The Labour party is well aware of the advantage it holds - despite sources who spoke to PoliticsHome expecting the Brexit Party to take the seat. “If we are going to win it will be the fact that we have got that infrastructure - we have got that data - and the Brexit Party don’t have that,” a source explains. But they add: “It’s not looking great.” There has been some surprise for Labour that the Onasanya issue has not been hung around its neck, and it has been given a boost by usually non-voters or Lib Dem and Green supporters eager to vote tactically stop Farage winning a seat. But one Labour MP who has spent time campaigning in the seat thinks the party is done for regardless. “I think we’re going to get thumped,” they told PoliticsHome. “Most of the people I spoke to on the doorstep were saying they haven’t made their minds up. But as an experienced canvasser you know that’s a lie. When they say that so close to polling day it’s because they are not going to vote for you.”
Labour suffered an extra blow when its candidate Lisa Forbes was forced to apologise at the weekend after it emerged she liked a social media post that claimed Theresa May had a “Zionist Slave Masters agenda” and commented on a thread which claimed Isis was created and funded by the CIA and Mossad. She argued she had not been engaging with those specific points in both incidents. Forbes was approached by PoliticsHome for comment.
Another problem for the party is that it could lose votes to the Remain-backing parties, the Lib Dems and Greens, since it has no clear position on Brexit itself. Keiran Pedley from IpsosMORI says it would “not be a shock to see the Lib Dems poll ahead of Labour”. He adds: “They did it in the European elections and they have been seeing huge increases in support in Westminster voting intention polling recently.”
Lib Dem candidate and local businesswoman Beki Sellick agrees that the European elections were a “kick up the arse” for anti-Brexit campaigners, meaning growing support for Farage is boosting the Lib Dem vote. “There are two main parties in this country now,” she tells PoliticsHome. “They are the Brexit Party and us. And if you want to not have a Nigel Farage MP then you need to vote for the Liberal Democrats.”
She brands the vote "a Brexit by-election" - and notes that only the two opposing forces on Brexit are willing to talk about it during the campaign. Indeed, Labour has been focused on the NHS and other public services issues, while the Tory candidate has been complaining about fly-tipping and the failure of the (Tory) council which has failed to fix the issue. The Brexit Party and Lib Dems have their local gripes too, but it is clear where their campaign foundations lie.

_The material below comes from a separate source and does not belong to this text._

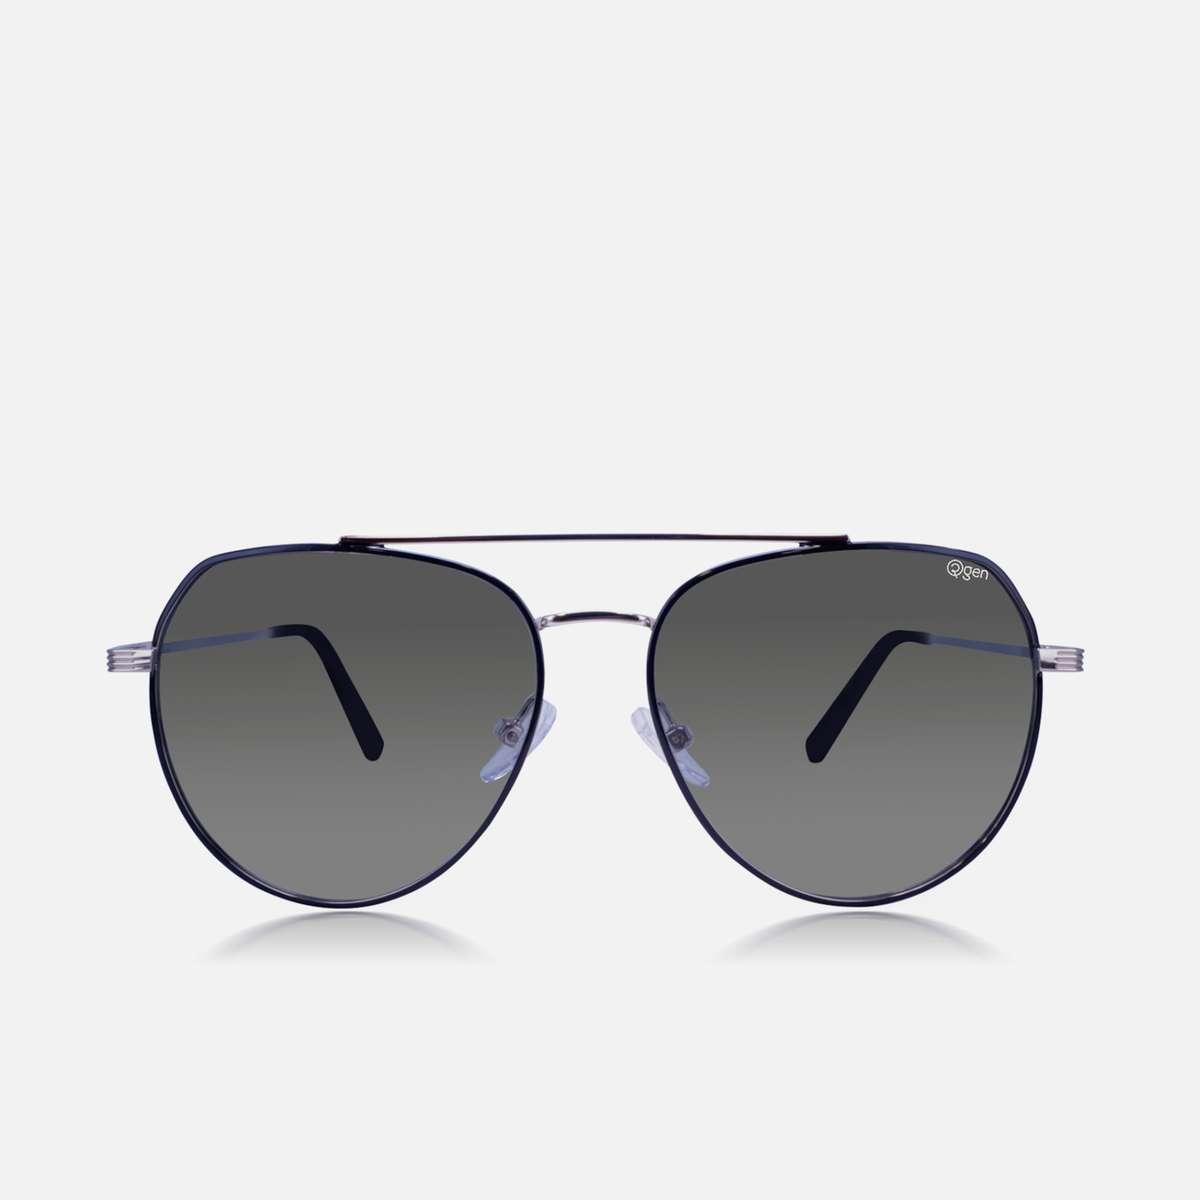 2.O2GEN Men Polarized Aviator Sunglasses- O2-21-003-C4-P

A win for the Brexit Party will be a fresh kick in the teeth for the two main parties at Westminster. For Labour it will reaffirm the need to take a solid stance on Brexit, especially if it loses votes to the Lib Dems the way it did at the European elections. But the Conservatives will feel the pressure even more keenly at a time when they are highly vulnerable. Leadership candidates are falling over themselves to appeal to a doggedly pro-Brexit membership, and could be willing to go more extreme the more they feel Farage breathing down their necks. A Brexit Party source says: “If this is a Brexit Party success it will send massive shockwaves into the Tory leadership campaign.” It is hard to disagree.